(Exercise details):
Using the listing below, copy exactly each line from the one that has "Tiêu Chiến - Địch" through the one that has "Supergreen props"; omit the pictures.

(Extracted material):
◆ ◆ ◆ ◆ ◆ ◆ ◆
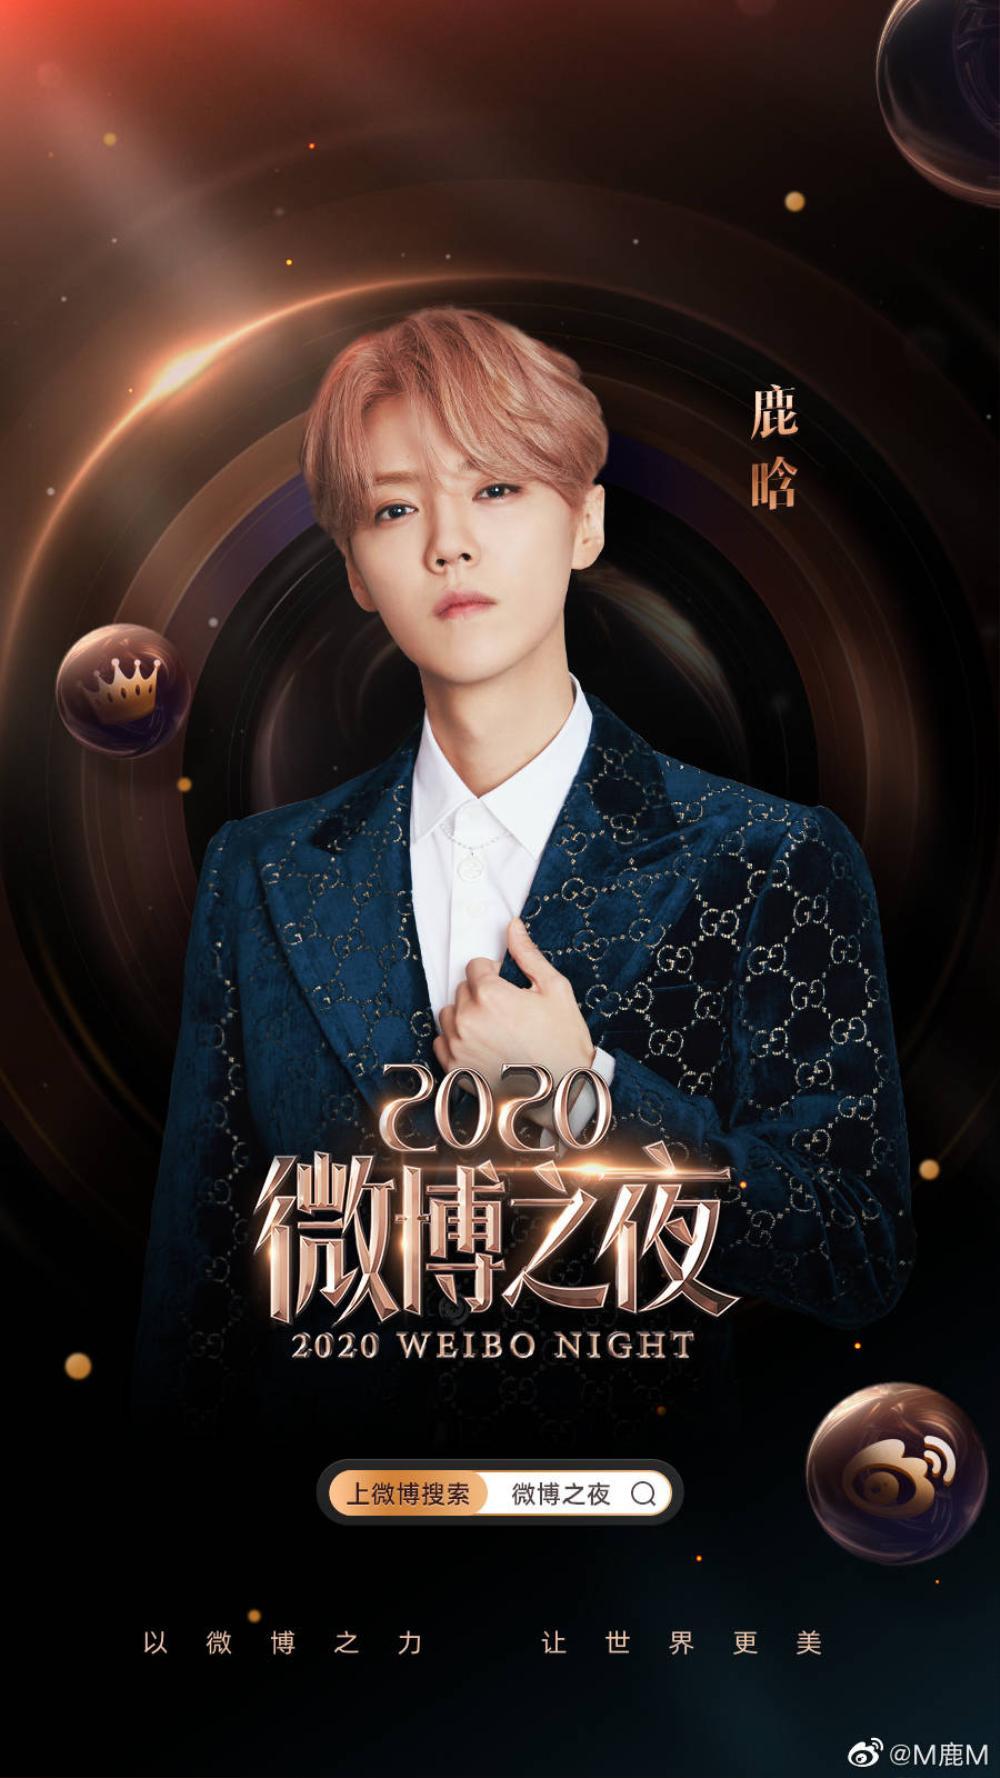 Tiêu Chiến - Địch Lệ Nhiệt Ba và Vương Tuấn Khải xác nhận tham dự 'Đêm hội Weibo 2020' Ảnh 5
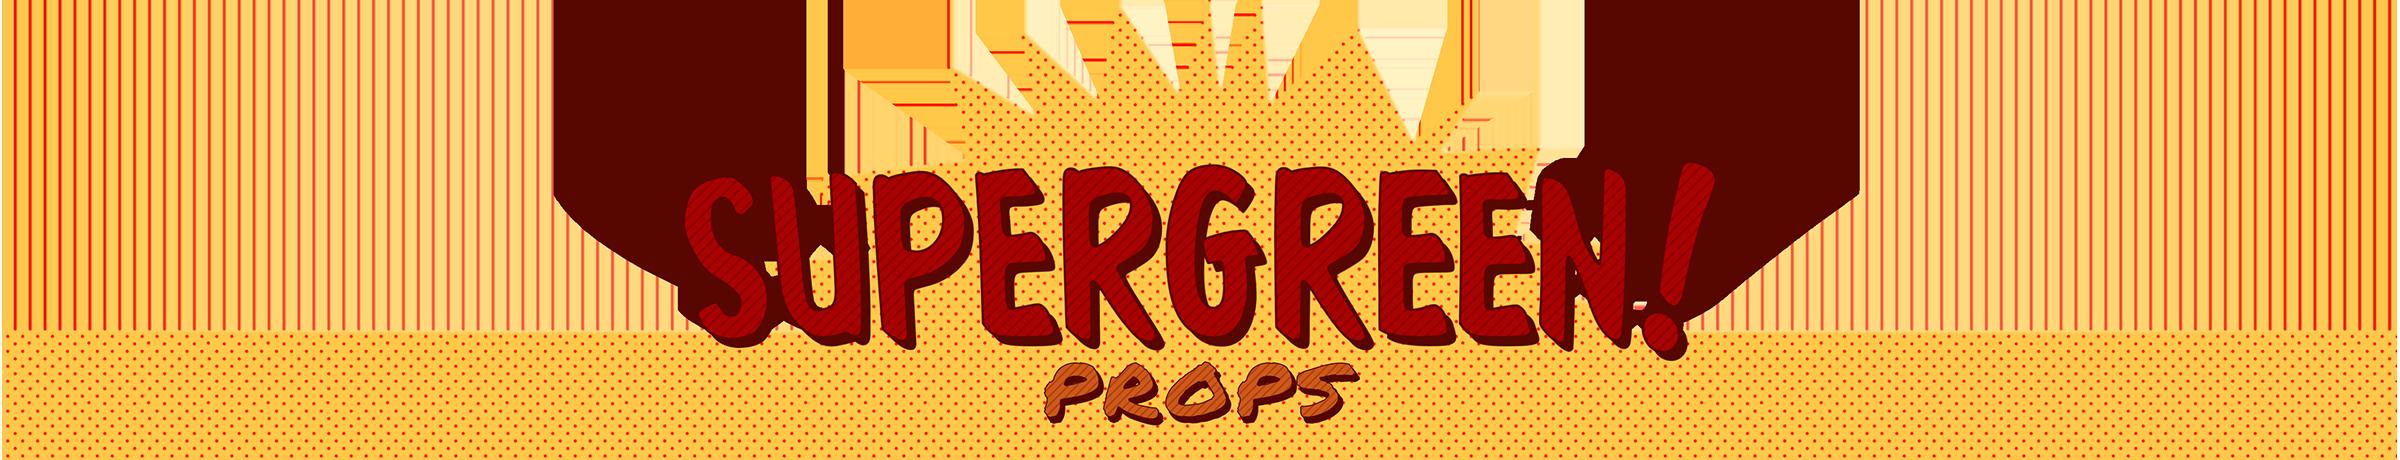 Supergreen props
◆ ◆ ◆ ◆ ◆ ◆ ◆
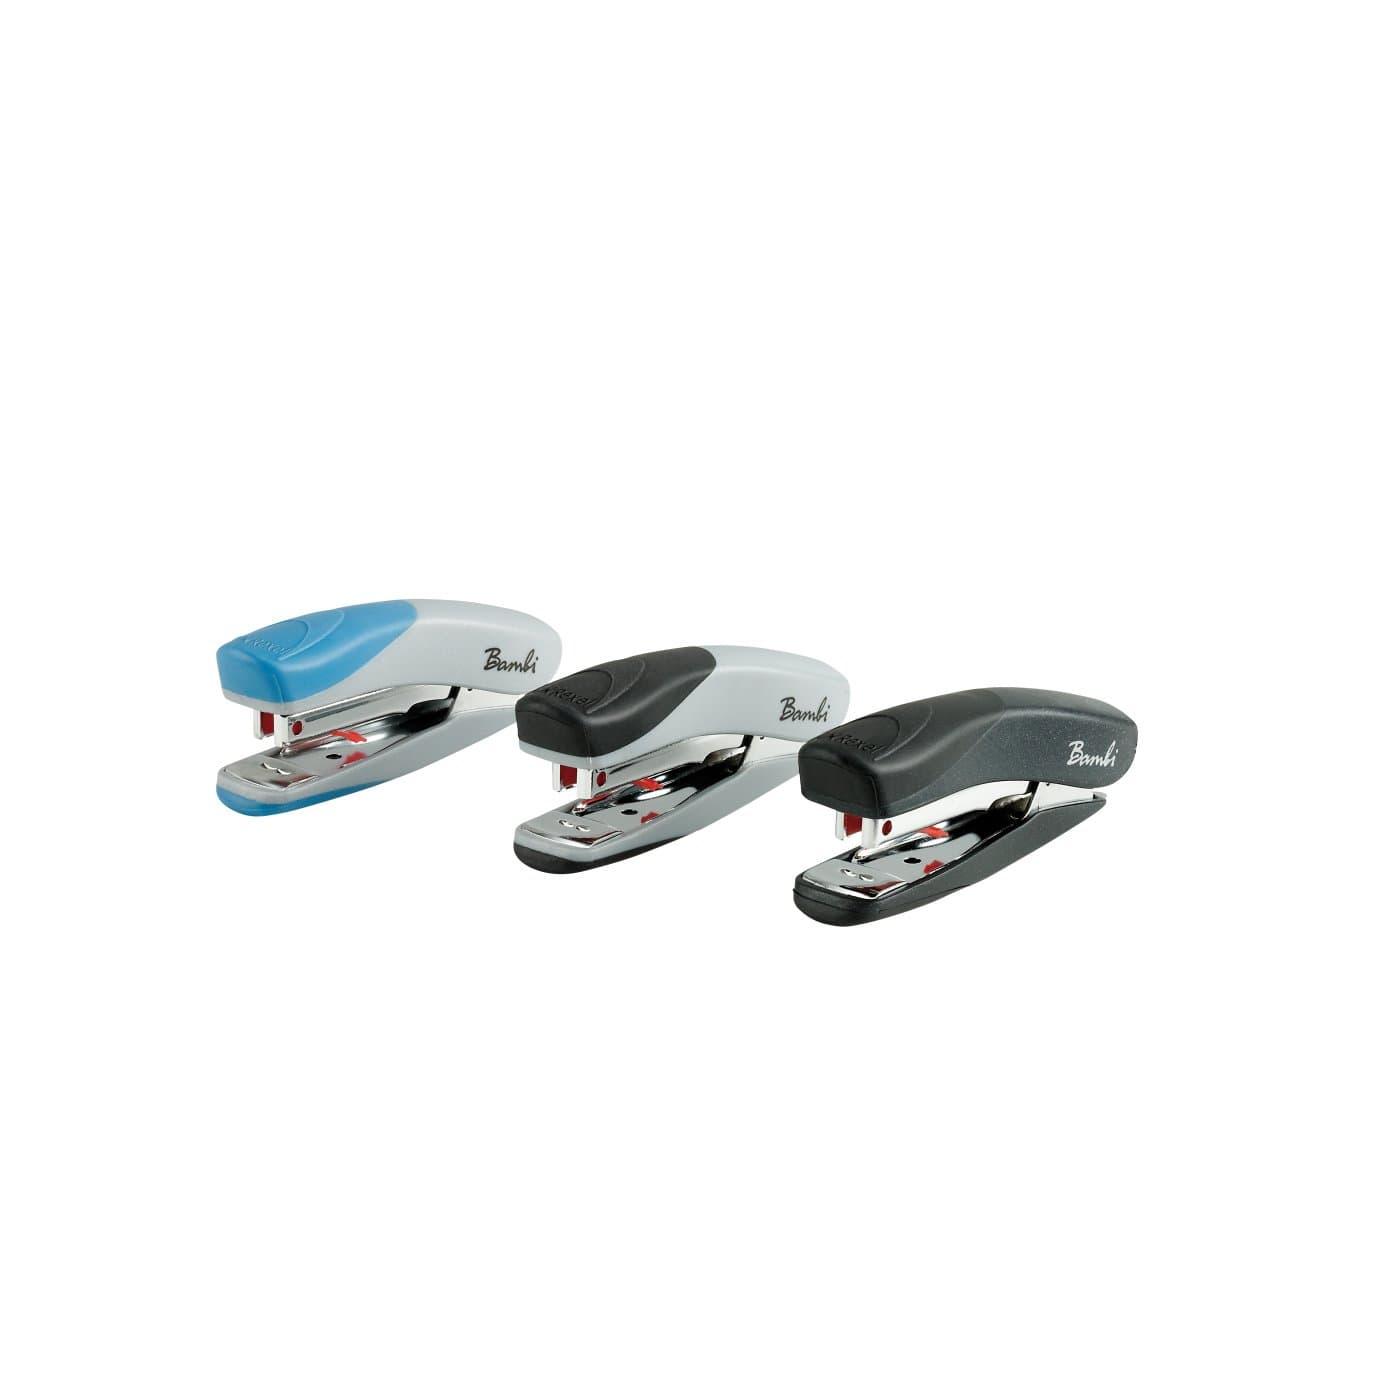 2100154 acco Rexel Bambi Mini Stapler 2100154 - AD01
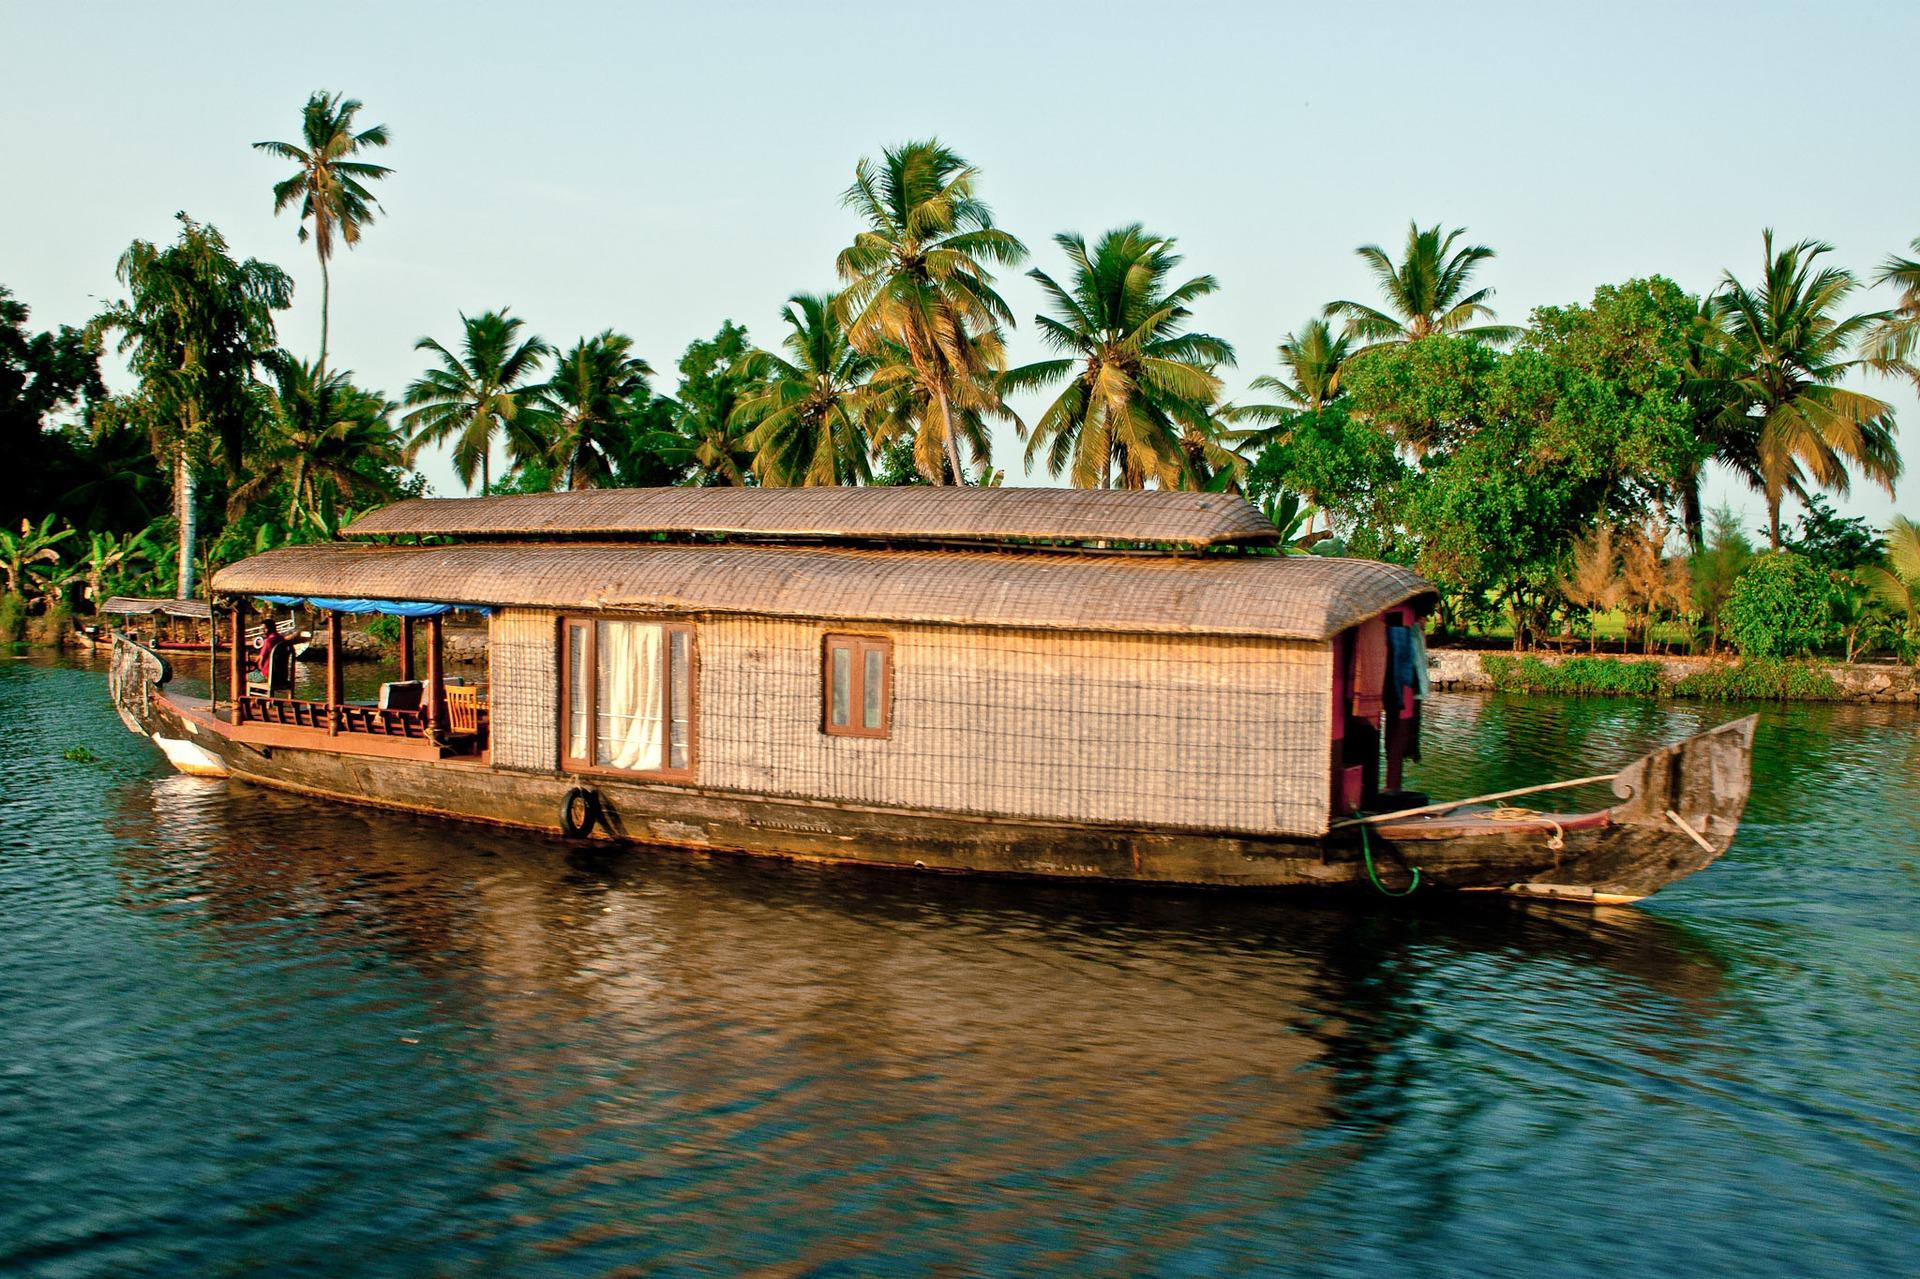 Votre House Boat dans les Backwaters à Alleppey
◆ ◆ ◆ ◆ ◆ ◆ ◆
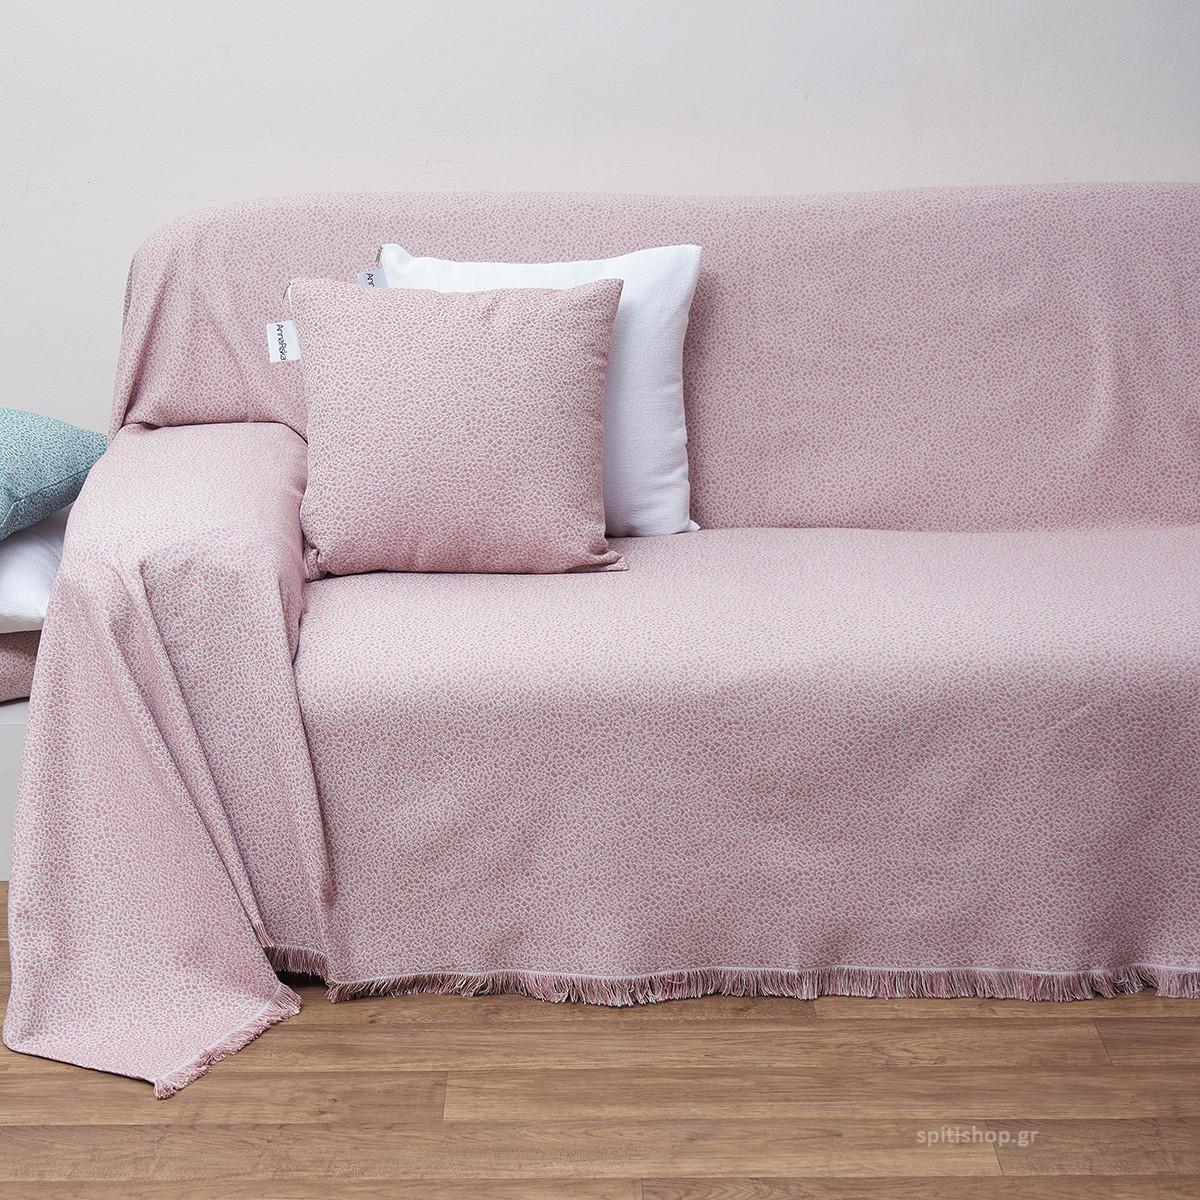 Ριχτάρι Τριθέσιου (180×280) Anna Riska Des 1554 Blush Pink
◆ ◆ ◆ ◆ ◆ ◆ ◆
(Solved exercise):
 Tiêu Chiến - Địch Lệ Nhiệt Ba và Vương Tuấn Khải xác nhận tham dự 'Đêm hội Weibo 2020' Ảnh 5
 Supergreen props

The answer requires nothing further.